Un salto en el río Aar

Entre la transformación del río Aar en Berna y su conexión con los ríos colombianos, este relato entrelaza recuerdos de infancia y reflexiones sobre la naturaleza y el cambio.

No olvido el color del río Aar. Era un azul extraño y claro, con gradaciones hacia el verde esmeralda y al azul de piscina californiana. Yo había visto otros ríos de ese color, pero situados entre los andes colombianos, al oriente de Antioquia, y la gente me decía que el origen de ese tono era el mármol y las rocas de alta carga ferrosa que abundaban en el fondo de los lechos.
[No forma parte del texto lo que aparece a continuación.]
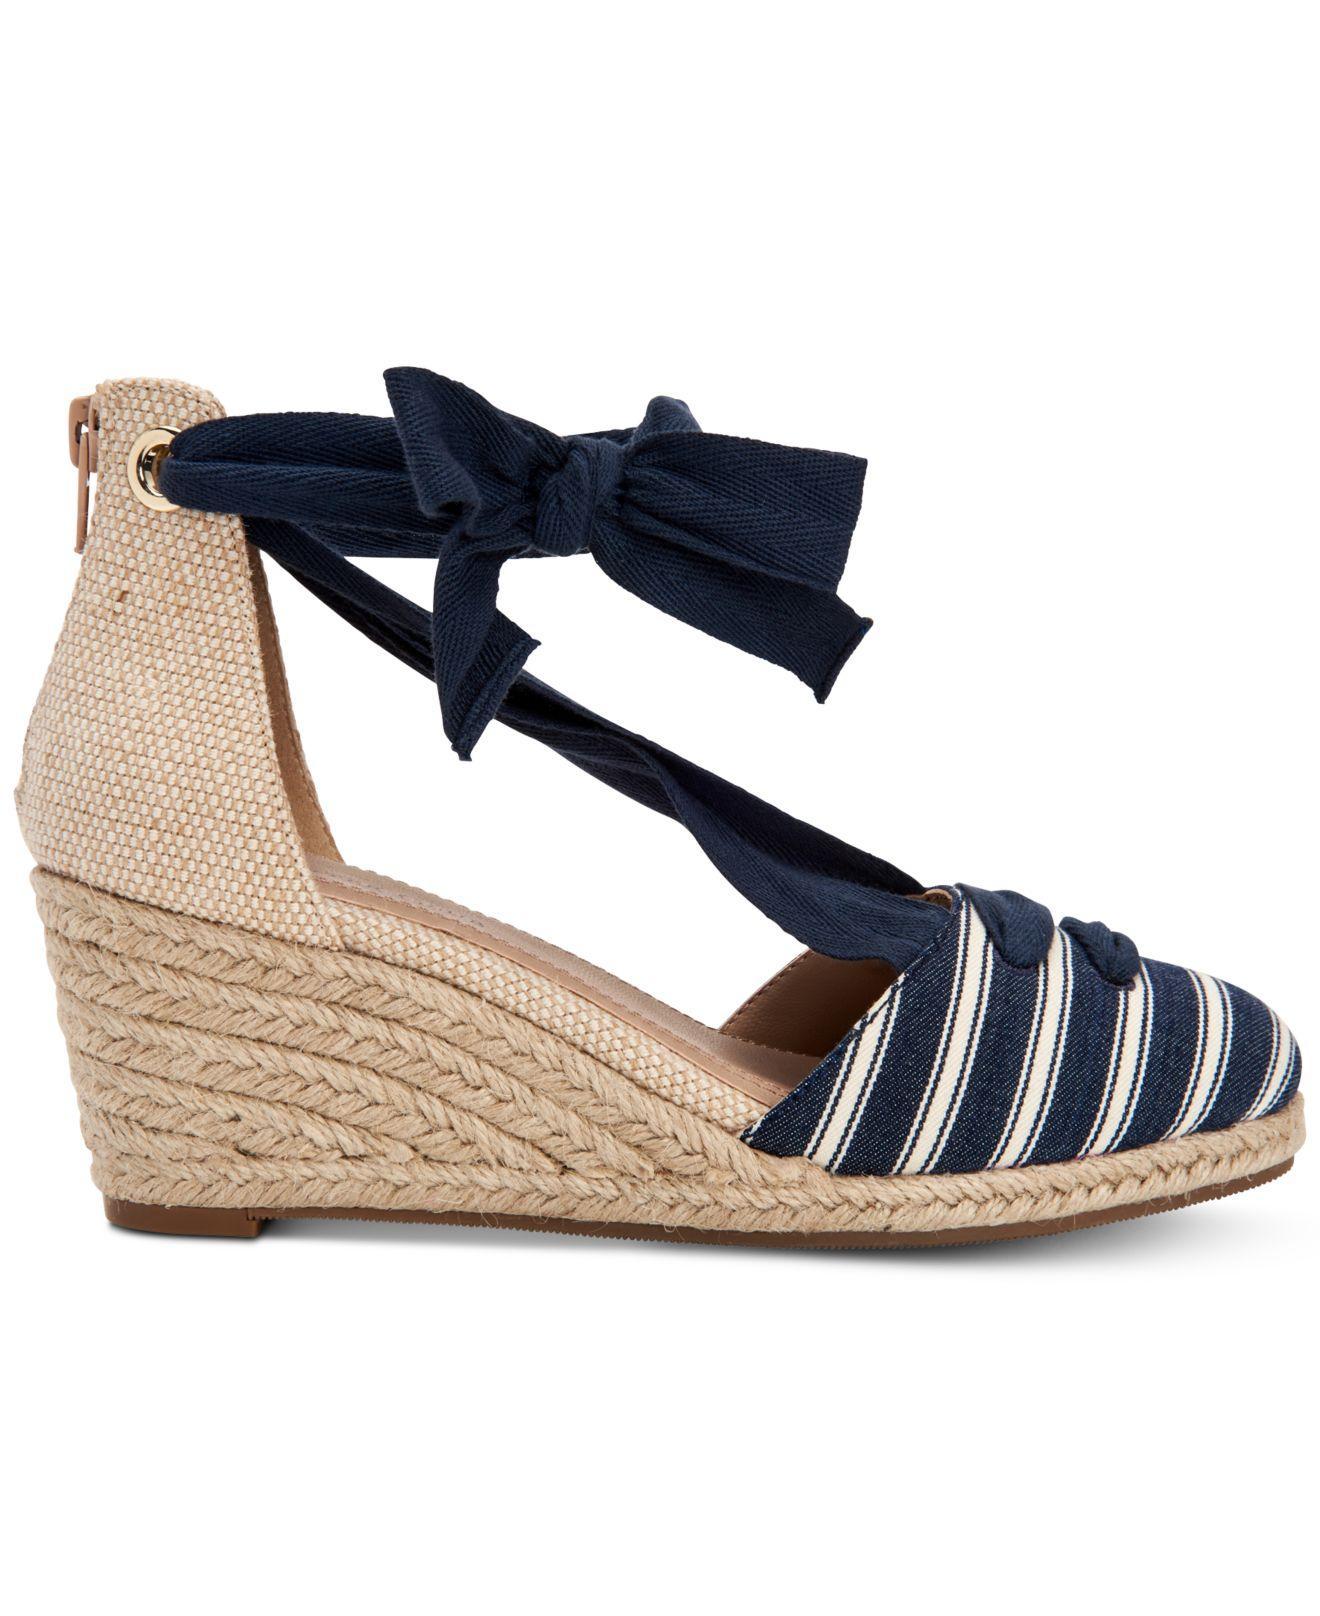 b9e864f29635 Lyst - Charter Club Maritzaa Wedge Sandals
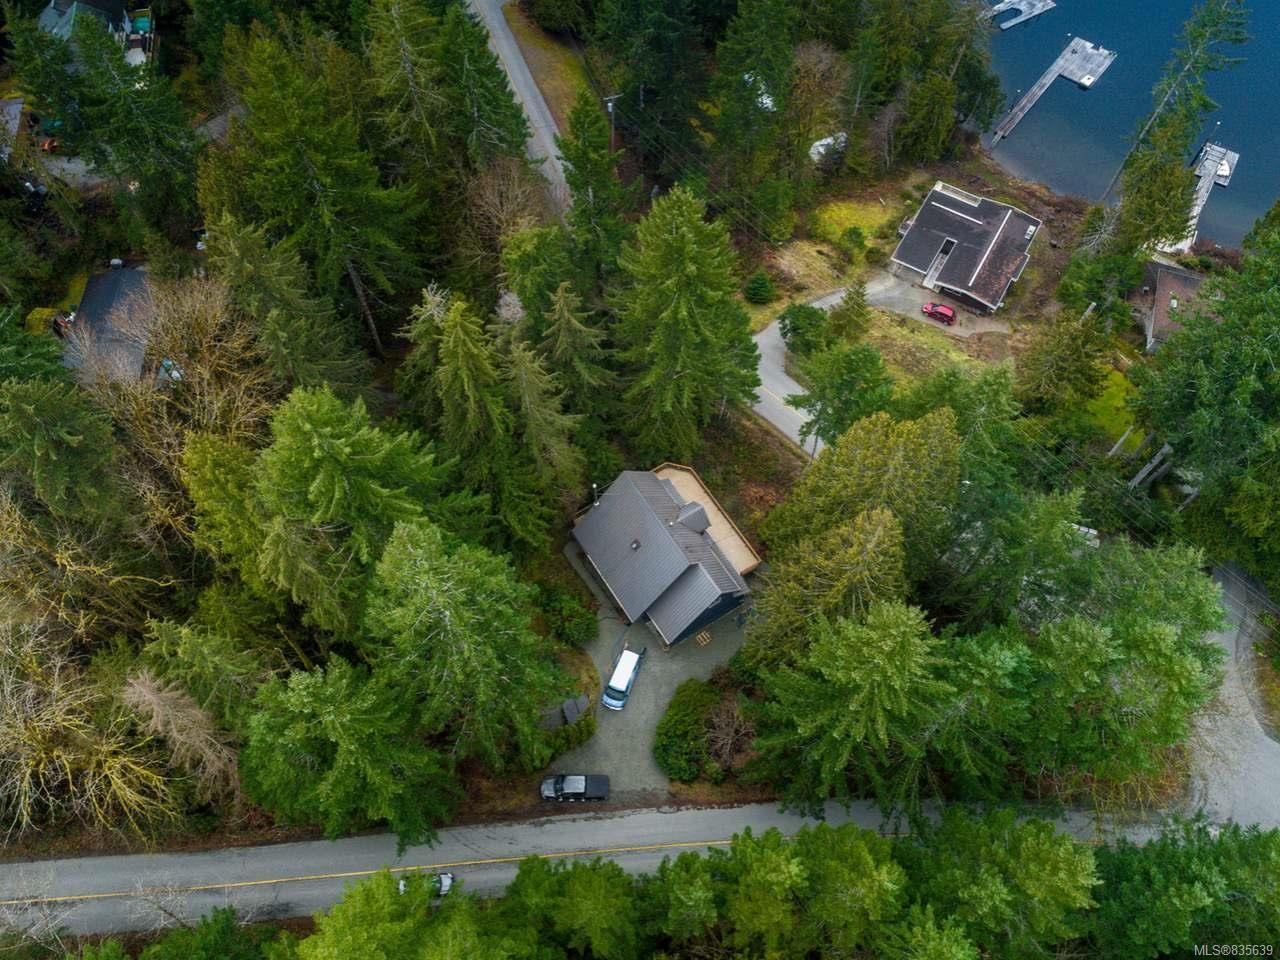 Photo 10: Photos: 9657 Faber Rd in PORT ALBERNI: PA Sproat Lake House for sale (Port Alberni)  : MLS®# 835639

En Berna la explicación era otra: la gente me decía que el Aar mutaba de color con el cambio de estación, que el verano traía esa claridad que yo estaba viendo y que en otoño e invierno el agua se opacaba, que podía existir una correspondencia de comportamientos entre el cielo y el río, pues ambos modificaban su aspecto de acuerdo con su estado de ánimo: alegría azulada al final de la primavera y todo el verano, introspección verdosa en otoño e invierno. Si quería gozar el Aar nadándolo tenía hasta el domingo próximo, me advertían, porque para el lunes estaba prevista la entrada del otoño. Por algún descuido que no preciso bien, no había pantaloneta de baño en mi equipaje. Pero no me hice líos, era jueves y mis ocupaciones me daban espacio para comprarla en los días que restaban.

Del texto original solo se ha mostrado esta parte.